Jon Kennedy's 'Postcards from
East Belfast's C.S. Lewis sites
Jonal entry 1134 | October 14 2010
This video Jonal begins with a few comments about my last look at the city of London on Tuesday morning en route to Heathrow International Airport by subway from St. Pancras Kings Crossing, after having taken a cross-country train from Cambridge. There are brief looks out the window of the house I'm staying at in Belfast with my friends the Stothers and a large supermarket grocery where we bought some provisions on Wednesday. Then we move ahead to Thursday afternoon and the beginning of the tour of sites related to C.S. Lewis in the section of BelfastEast Belfast and the subdivisions of Dundela and Strandtownwhere he was born and lived his first nine years.
After viewing murals commemorating Lewis painted on fences and building ends in his old neighborhood (significant because for decades inflammatory political murals meant to incite hostilities adorned walls like these in Belfast and some still exist). A huge crane shown near one of the murals had been part of the world's largest ship-building plant operation, which was nearby for many years but is now almost entirely idle, like most of the steel mills that still stand in my home city (and others) in Pennsylvania. The ill-fated Titanic oceanliner was built in Belfast and Lewis's paternal grandfather had been a partner of a shipbuilding company in the industry's heyday.
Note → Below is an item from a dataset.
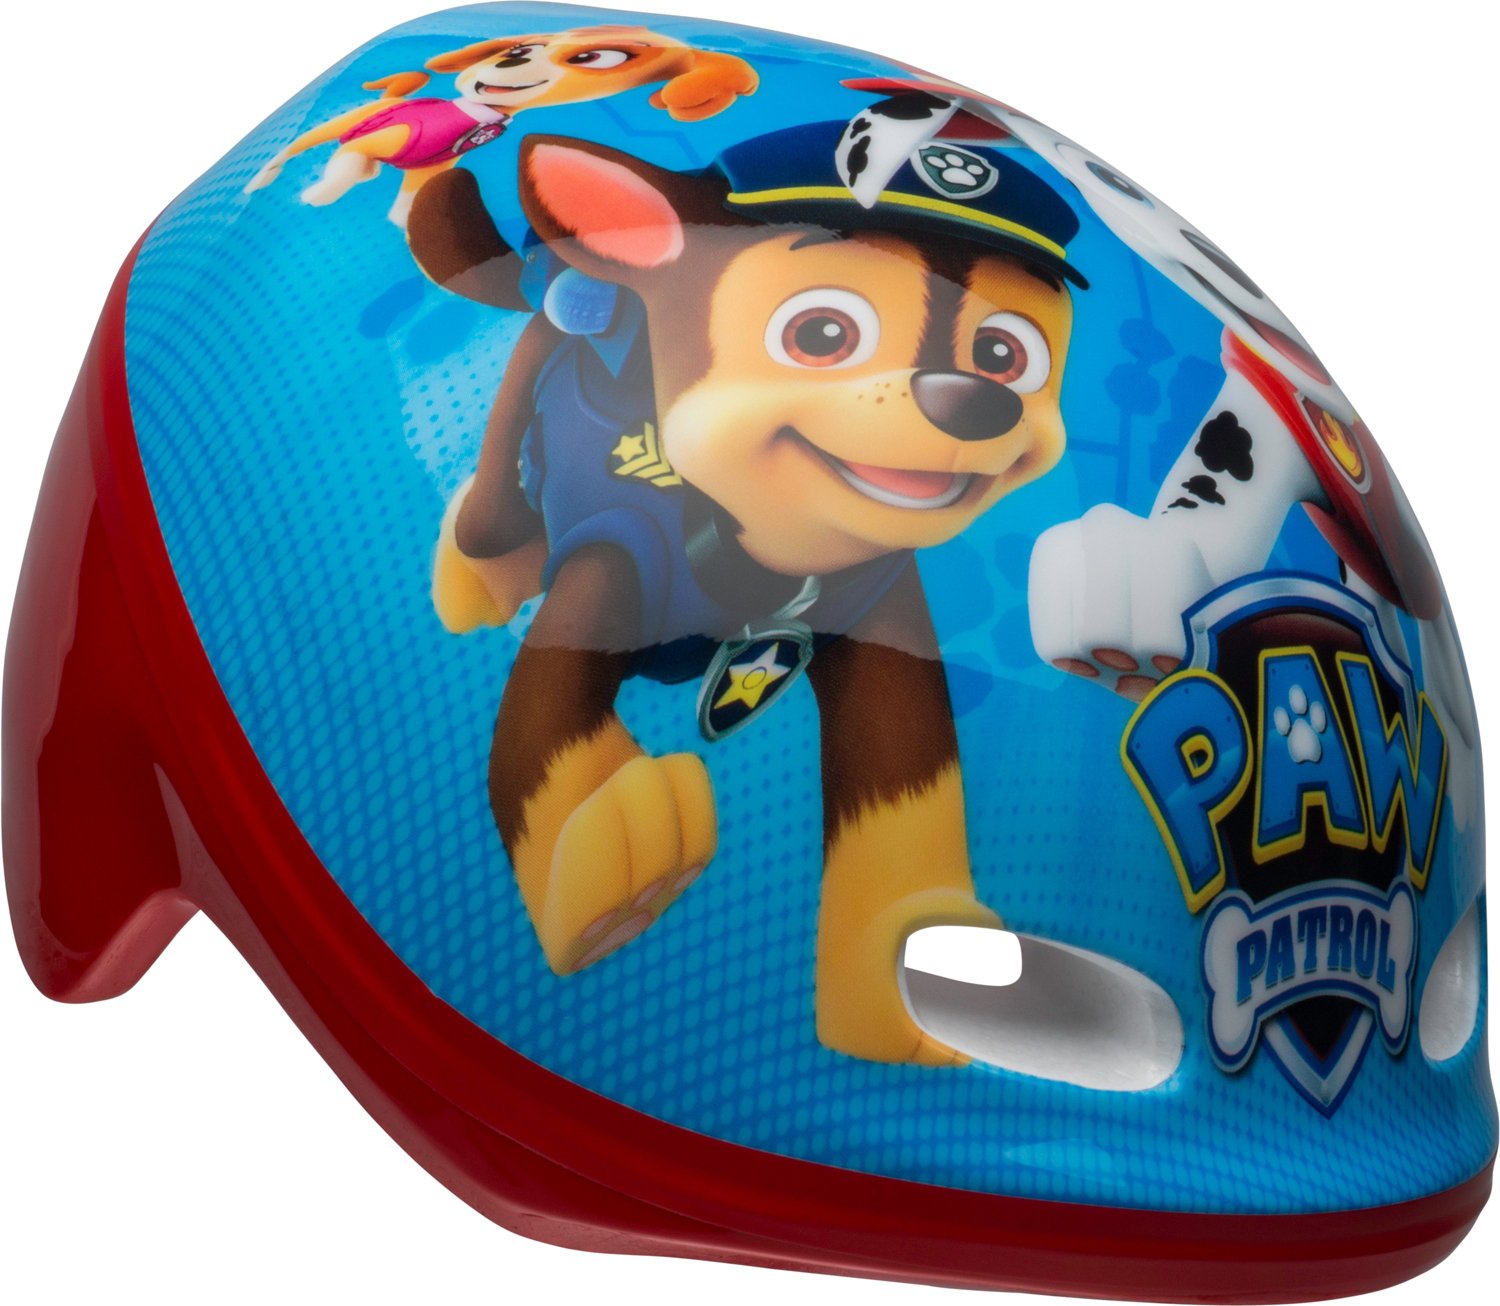 Bell Paw Patrol Toddlers' Bike Helmet

The first mural is a scene of Narnia glimpsed through the door of a wardrobe as described in Lewis's children's novel, The Lion, the Witch, and the Wardrobe, and our gracious and generous tourguide, Presbyterian minister and a Lewis expert, the Rev. Jack Lamb, pretends he is going to go through the door. After a more self-explaining mural we go on to the public library in Standtown, in the patio of which an excellent sculpture depicts the same wardrobe but with Lewis as a young man (or as his alter ego in the Narnia novels, Digory Kirke), opening the door. There is also footage of the interior of the library where we were shown extensive files of Lewis material.
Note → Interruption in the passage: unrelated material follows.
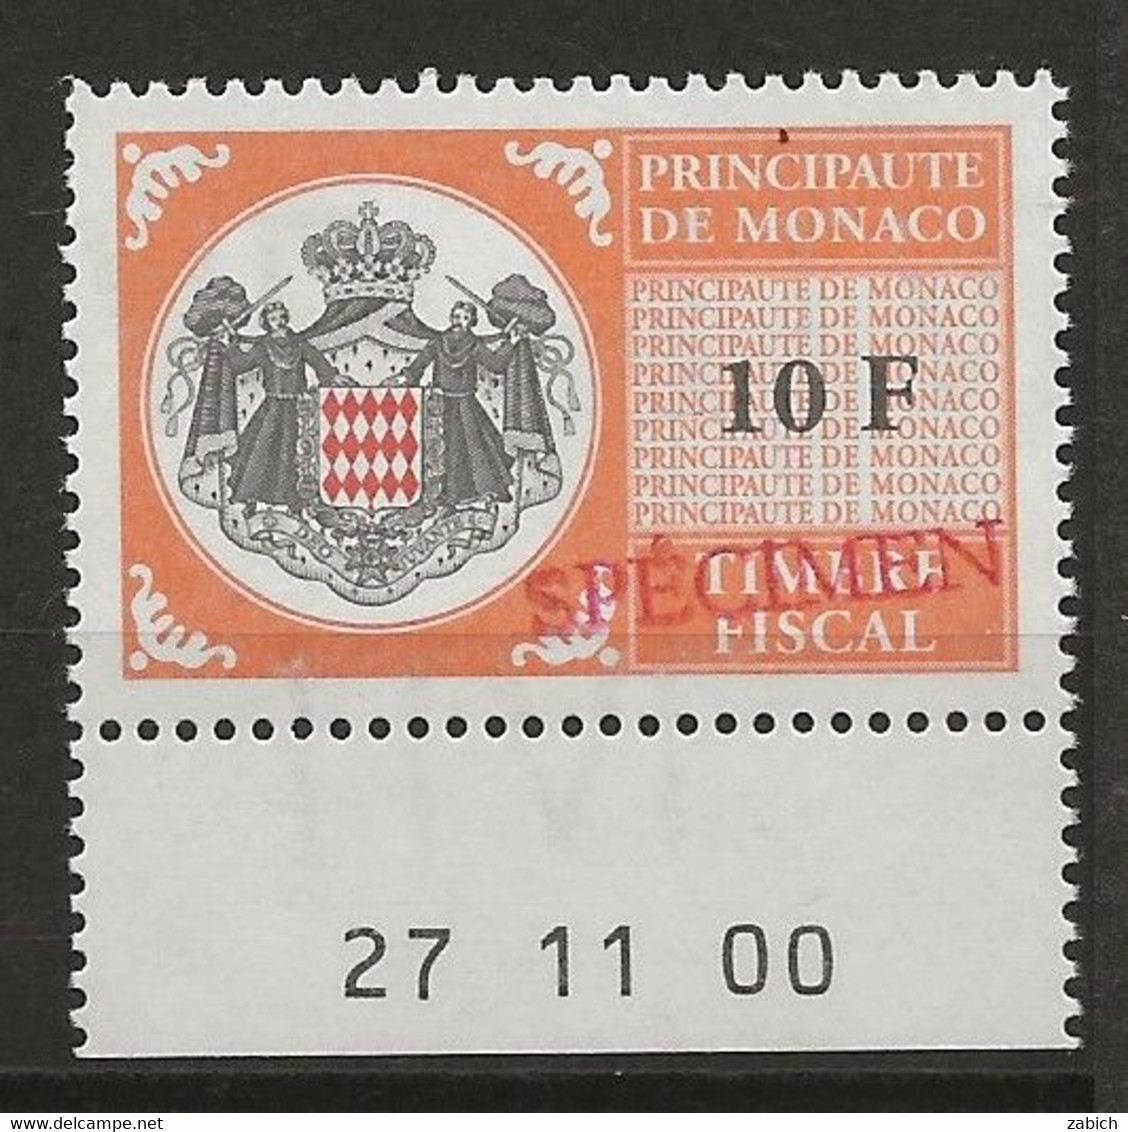 FISCAUX DE MONACO SERIE UNIFIEE N° 102 10Forange Rare Coin Daté Du 27 11 00 Surchargé Spécimen Neuf Gomme Mnh (**) - Steuermarken

Our next stop was at a row house which now occupies the lot on which the house where Lewis was born (no longer standing) had been. We stopped to take a picture of a lamp post on the campus of Campbell College, a private high school that Lewis attended for a time when he was about 13 years old. Then we go to the church, St. Mark's Church of Ireland (Anglican) in Dundela, which had been pastored by Lewis's maternal grandfather, the Rev. Thomas Hamilton, where Lewis's father and mother met, were married, and later Lewis was baptized in January 1999. Scenes there show the baptistry, the stained-glass window that Lewis and his brother Warnie donated to the church in memory of their parents, and other interior shots. The church Warden, Thomas Blake, is seen explaining the history of the Lewis family's involvement in St. Mark's. (The church vicarage or pastor's home is indeed the house that I "guessed" in the video was occupied by Lewis's grandparents in his early years.)
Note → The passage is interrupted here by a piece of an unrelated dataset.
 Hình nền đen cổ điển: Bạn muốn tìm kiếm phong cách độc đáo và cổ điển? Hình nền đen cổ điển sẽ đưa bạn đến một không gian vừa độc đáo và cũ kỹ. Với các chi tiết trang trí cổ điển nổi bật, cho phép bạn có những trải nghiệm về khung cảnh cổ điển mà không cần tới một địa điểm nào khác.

Then we proceed to Little Lea, the house the Lewis family moved to when Lewis was a small boy and which was the family home until his father's death in 1929, when it was sold to settle the estate. Finally, we visit the Crawfordsburn Inn, a colorful and very old establishment about 10 miles away from Lewis's boyhood home where he took his wife, Joy, on a honeymoon late in life. Seen there of particular interest is the "cottage" which they stayed in.